Daughters of memory
Daughters of memory
Discouraged by the story of Pyrrhus and by history in general, Stephen thinks of the apocalyptic alternatives to empirical knowledge proposed by the visionary English poet William Blake (1757-1827). Phrases throughout the seventh paragraph of Nestor come from particular passages in Blake's writings. While skeptical of their "excess," Stephen feels his imagination stirred by their vision of an absolute reality transcending earthly injustice.
"Fabled by the daughters of memory" recalls the second plate of A Vision of the Last Judgment. There Blake distinguishes "Fable or Allegory," produced by the daughters of Memory (i.e. the nine Muses descended from Mnemosyne), from "Imagination," produced by the daughters of Inspiration. Empirical understanding—knowledge based on memory—is a mere "Fable" in Blake's estimation, while imagination yields what he calls "Vision." The vision at issue is "The Last Judgment"; for Blake, this Christian myth is not a mere fable or allegory, but rather something that "Eternally Exists, Really & Unchangeably."
Stephen is attracted to Blake's conception of visionary truth because it would define all history as essentially false, but the Aristotelian empiricist in him immediately counters, "And yet it was in some way if not as memory fabled it." The world is more than the mind's conception of it; actual things happened to produce the reality that now enslaves us. As Stephen thinks a few paragraphs later, "They are not to be thought away. Time has branded them and fettered they are lodged in the room of the infinite possibilities they have ousted."
"A phrase, then, of impatience, thud of Blake's wings of excess": one of the devils' Proverbs in The Marriage of Heaven and Hell holds that "The road of excess leads to the palace of wisdom," and another one that "No bird soars too high, if he soars with his own wings." Blake has characteristically overshot the mark, Stephen thinks, and his wings of excess strike the ear with (or fall to earth with?) a thud.
But Stephen is enchanted by the language of apocalyptic transcendence, and will remain so throughout the novel. Blake also writes in The Marriage of Heaven and Hell that "The ancient tradition that the world will be consumed in fire at the end of six thousand years is true, as I have heard from Hell." And when that fiery consummation occurs, "the whole creation will be consumed and appear infinite and holy, whereas it now appears finite & corrupt." Thornton cites other passages about the fiery end of the world from A Vision of the Last Judgment. Stirred by this vision, Stephen thinks of "the ruin of all space, shattered glass and toppling masonry, and time one livid final flame." The shattered glass and toppling masonry do not come from Blake, but are consistent with his apocalyptic vision. Thornton notes that Blake wrote in a letter to William Hayley in 1800 that "The ruins of Time build mansions in Eternity."
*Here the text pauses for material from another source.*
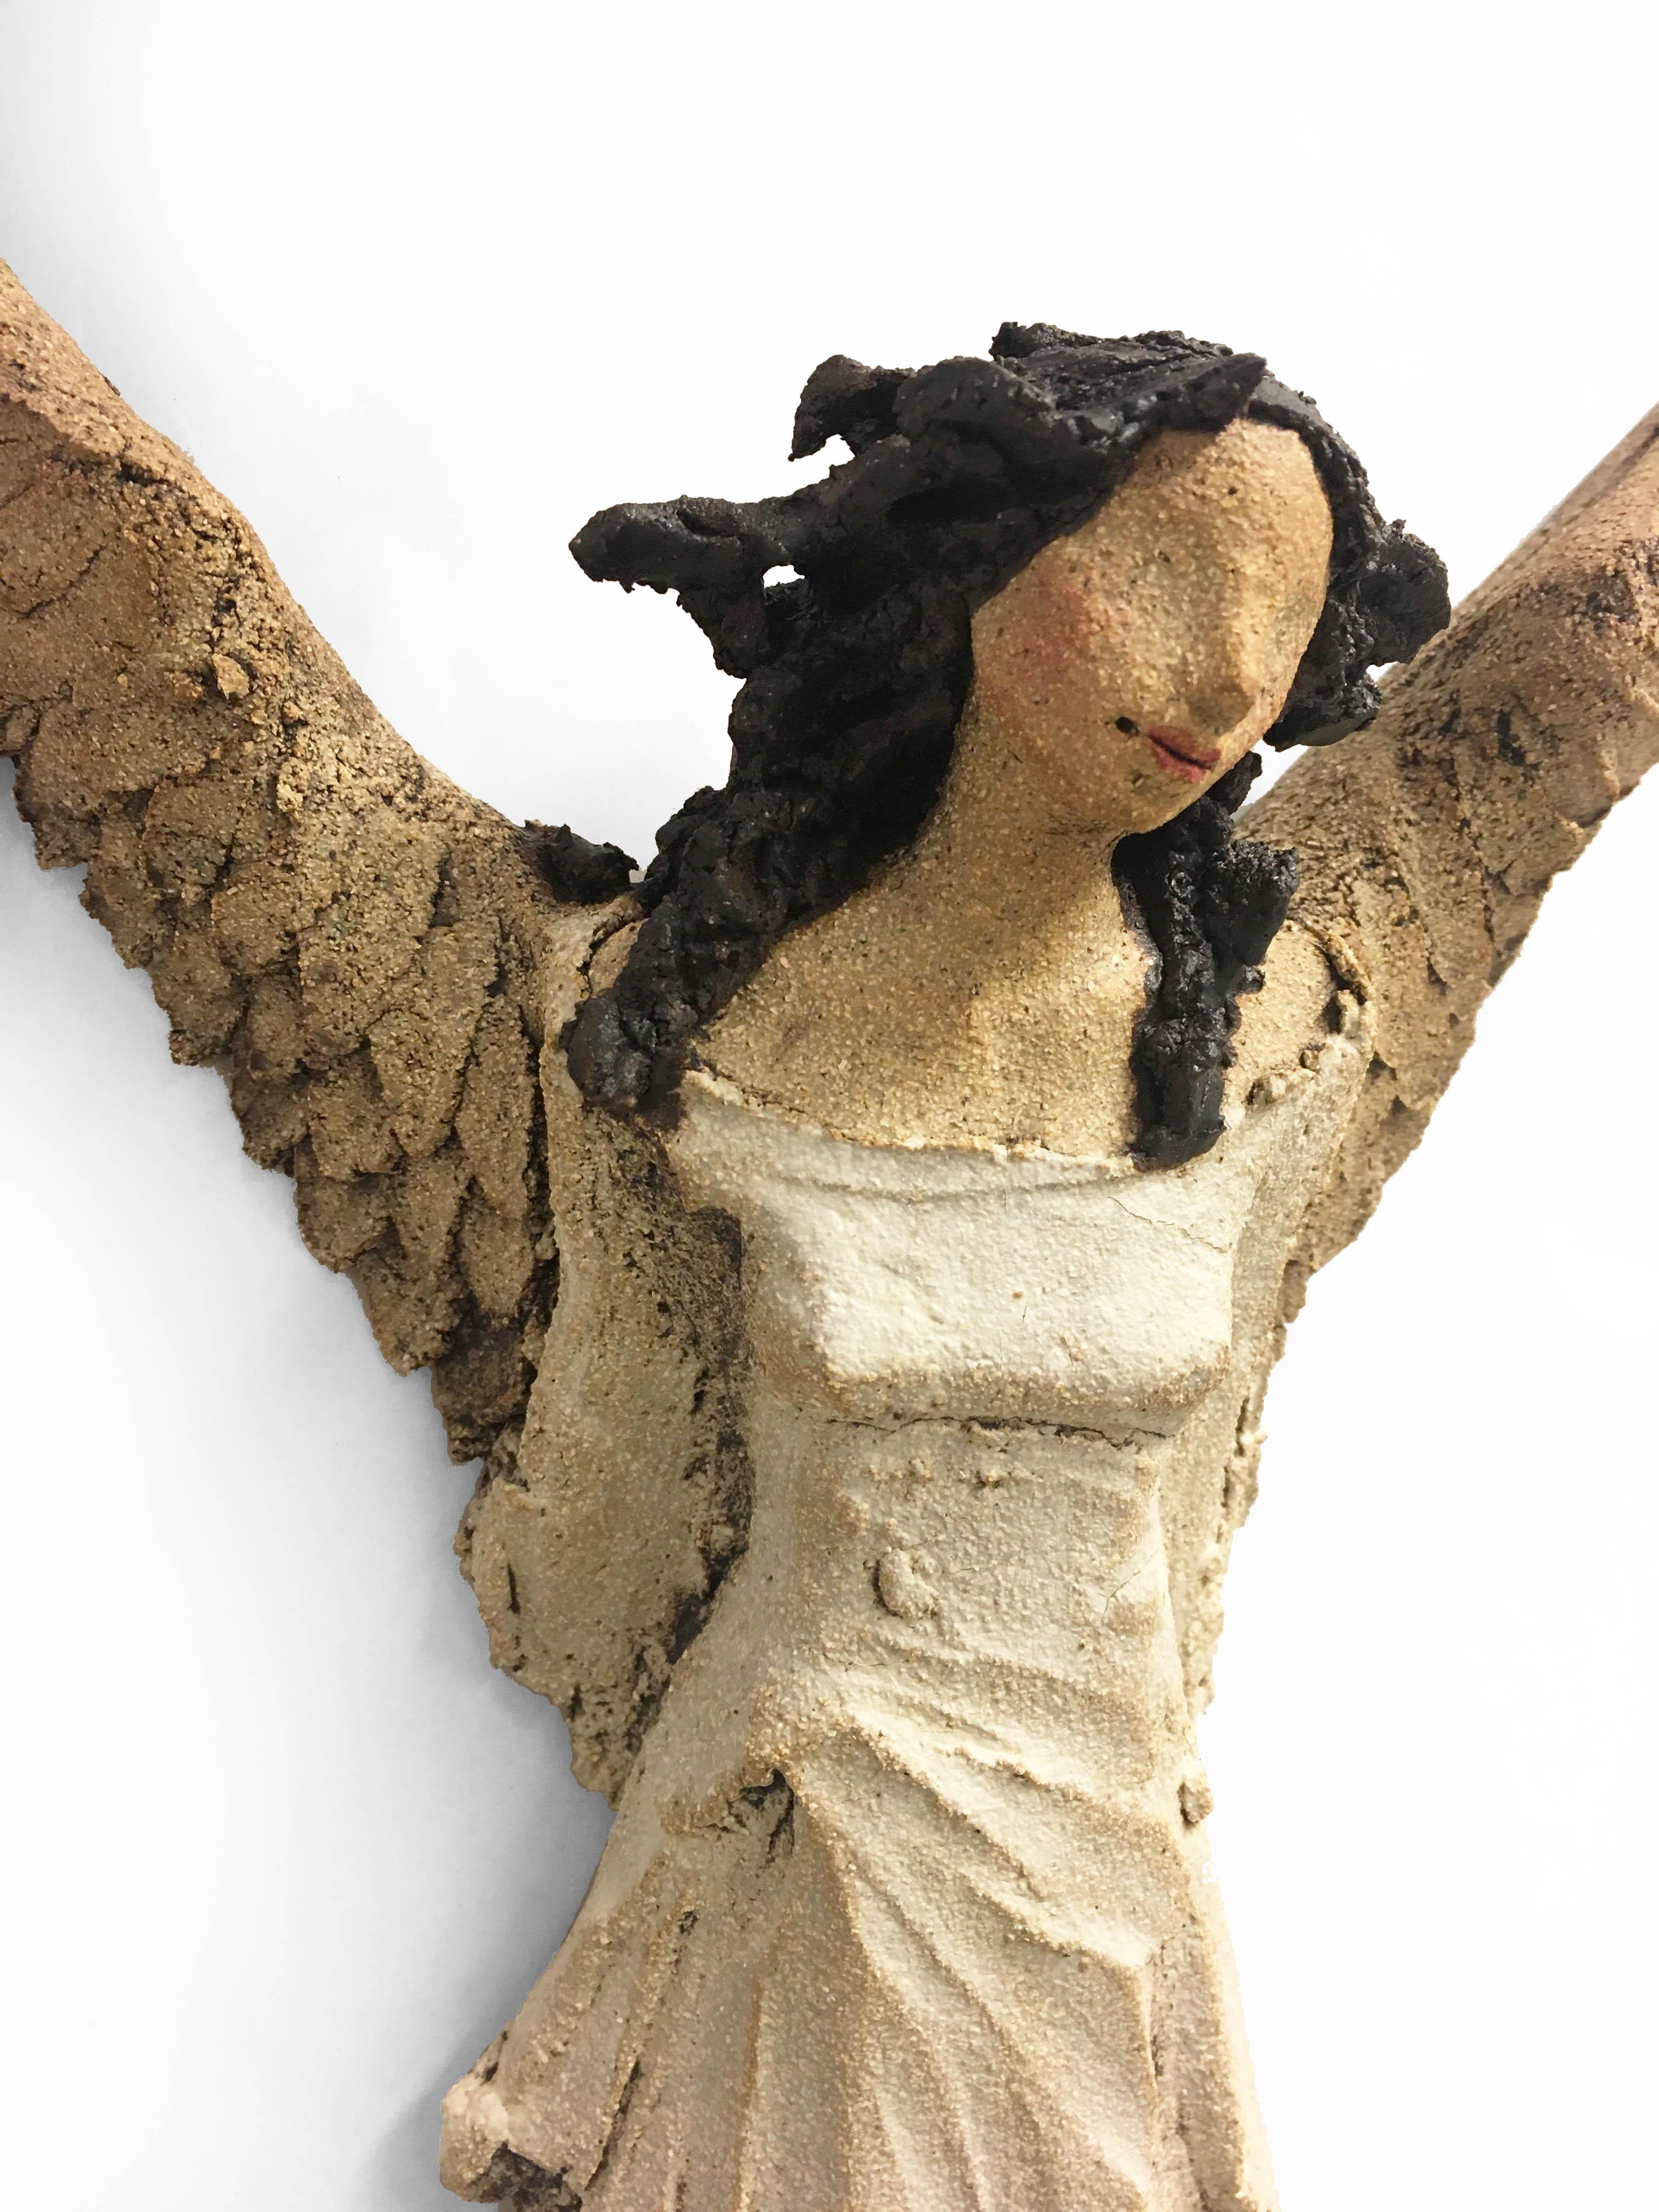 hvit engel Ingun Dahlin skulptur keramikk
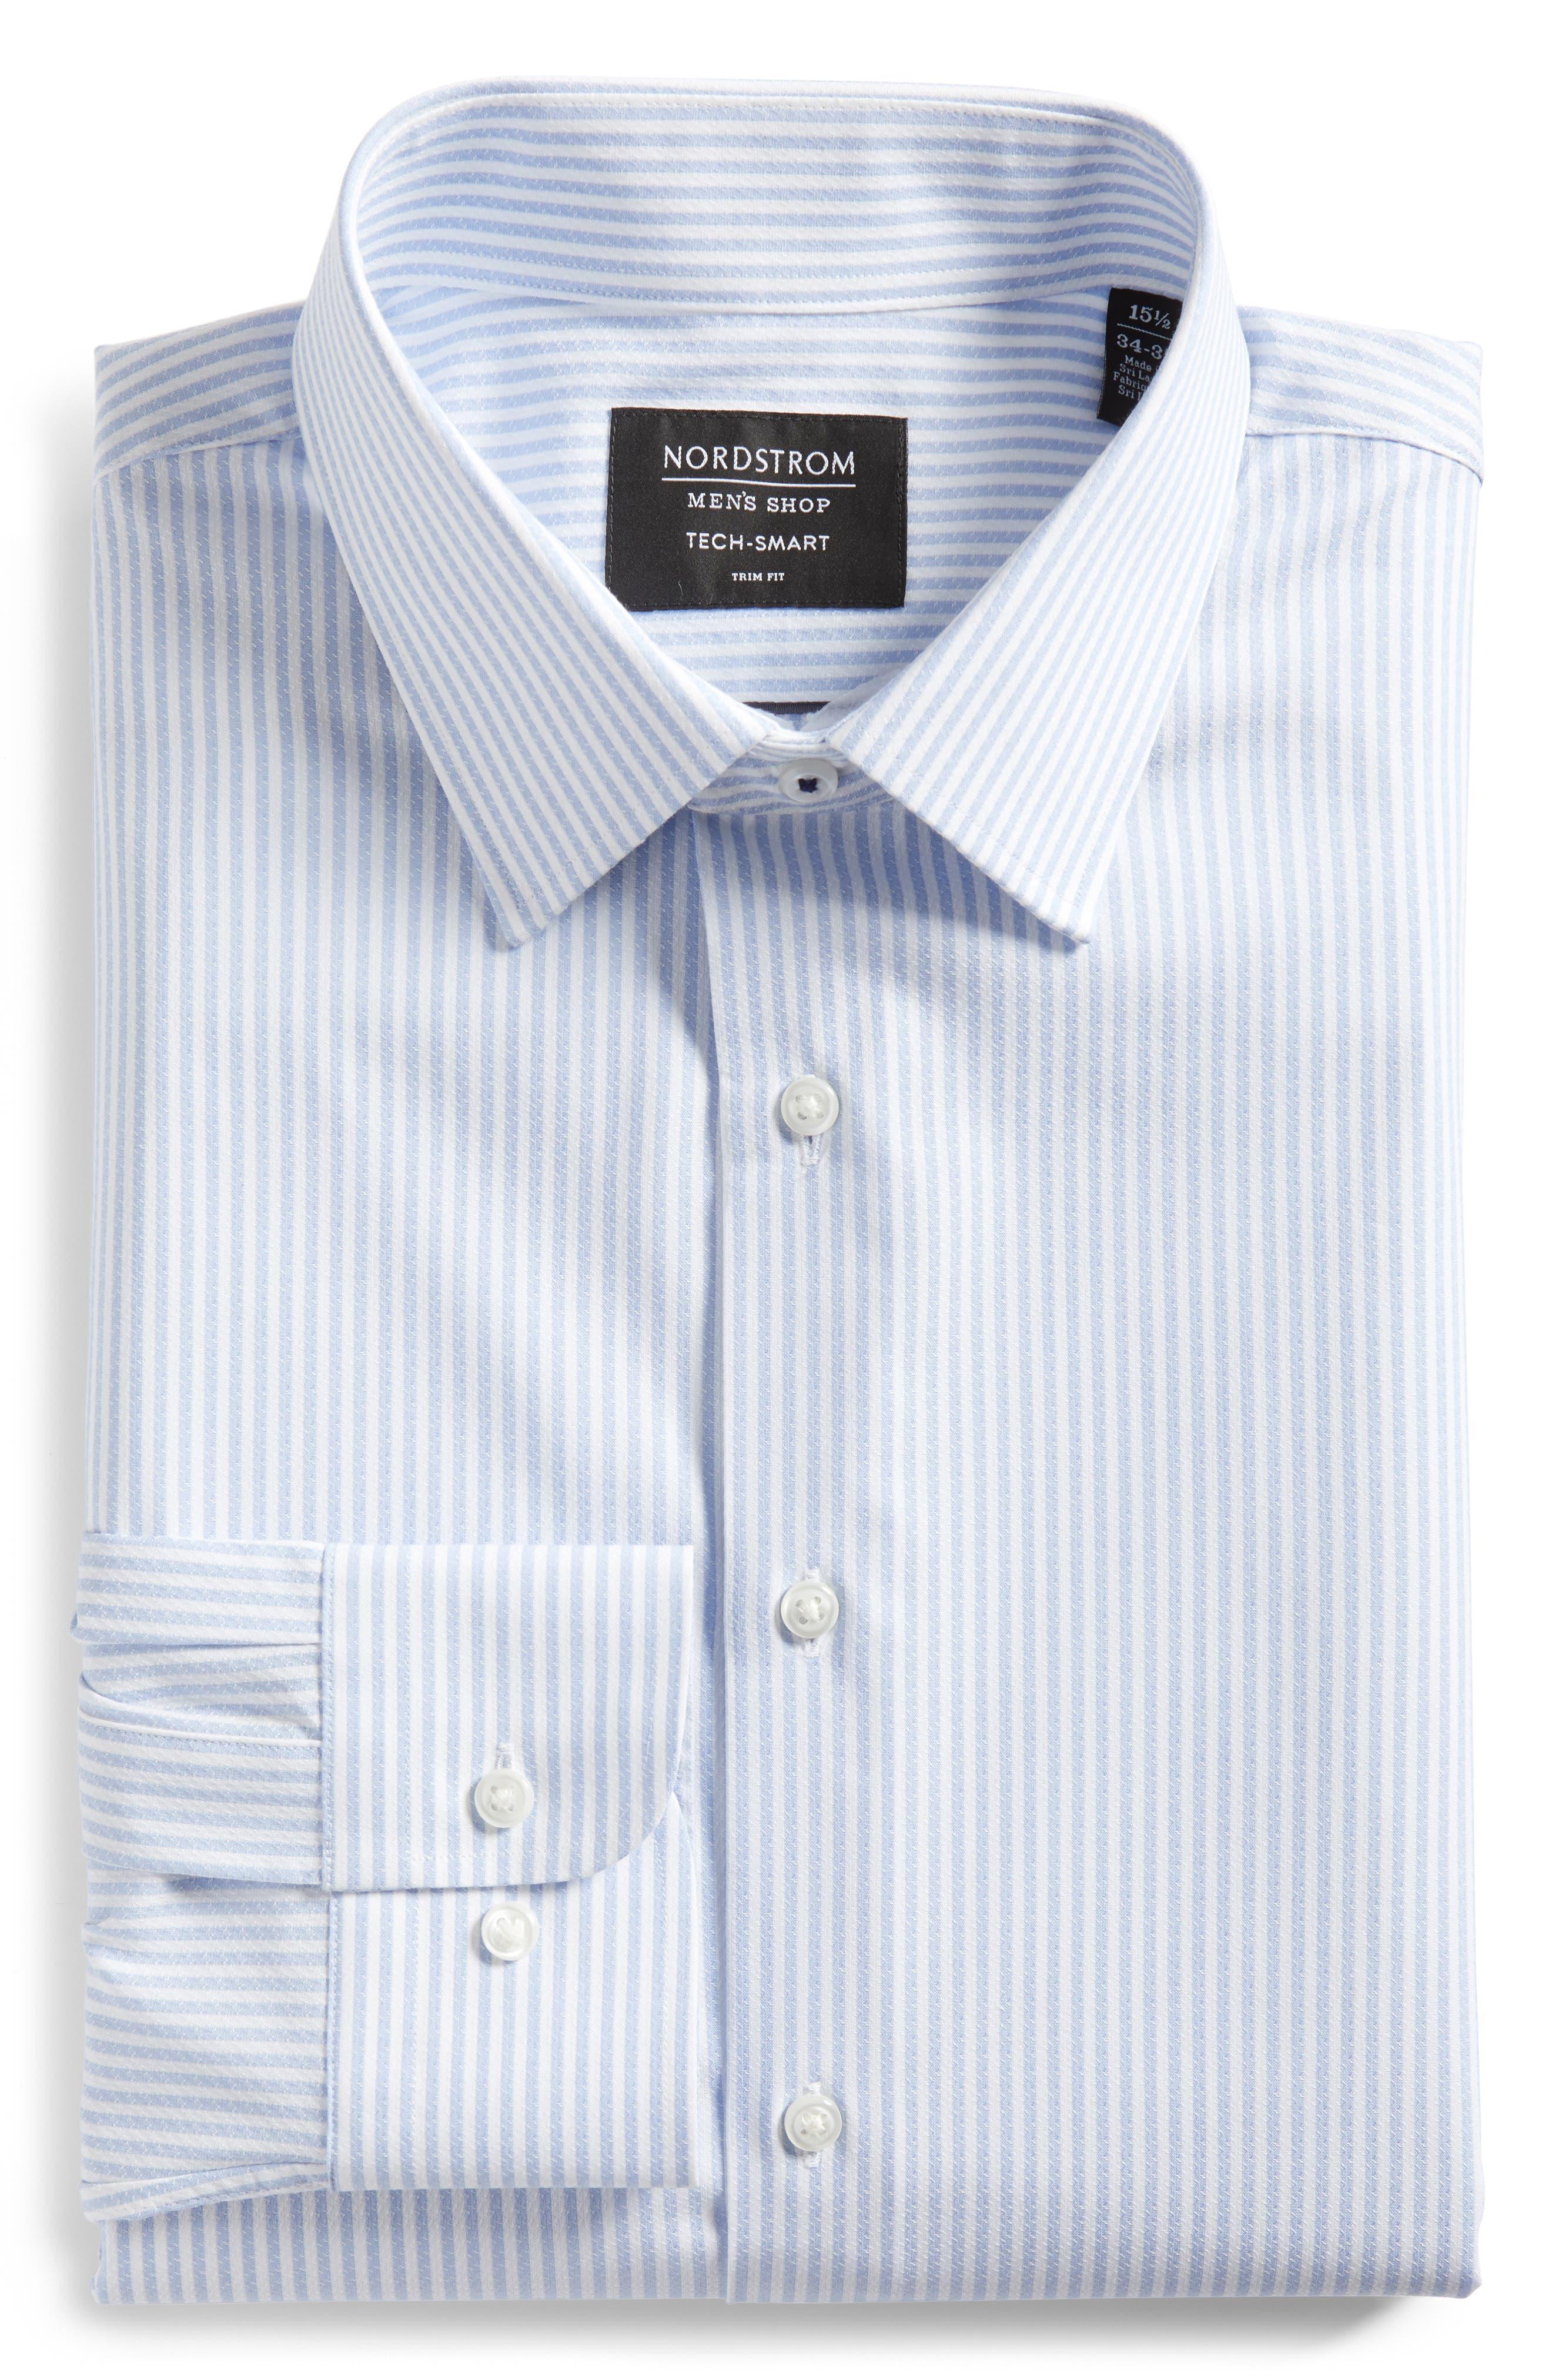 Tech-Smart Trim Fit Stripe Stretch Dress Shirt,                             Alternate thumbnail 6, color,                             Blue Brunnera

Gifford obscurely connects these words to "a vision of the fall of Troy, a lost cause not unlike the efforts of the Tarentines under Pyrrhus to resist the domination of Rome." The association seems possible but hardly conclusive, and one perhaps need not look so far back in time, given Blake's perennial association of poetic apocalypse with political revolution. In Proteus, Stephen repeats the words of Nestor verbatim when he thinks of Kevin Egan's revolutionary activities: "he prowled with colonel Richard Burke, tanist of his sept, under the walls of Clerkenwell and, crouching, saw a flame of vengeance hurl them upward in the fog. Shattered glass and toppling masonry." Stephen certainly does associate Blake's apocalyptic vision with "lost causes," but all such causes converge in his mind on the question of Irish independence.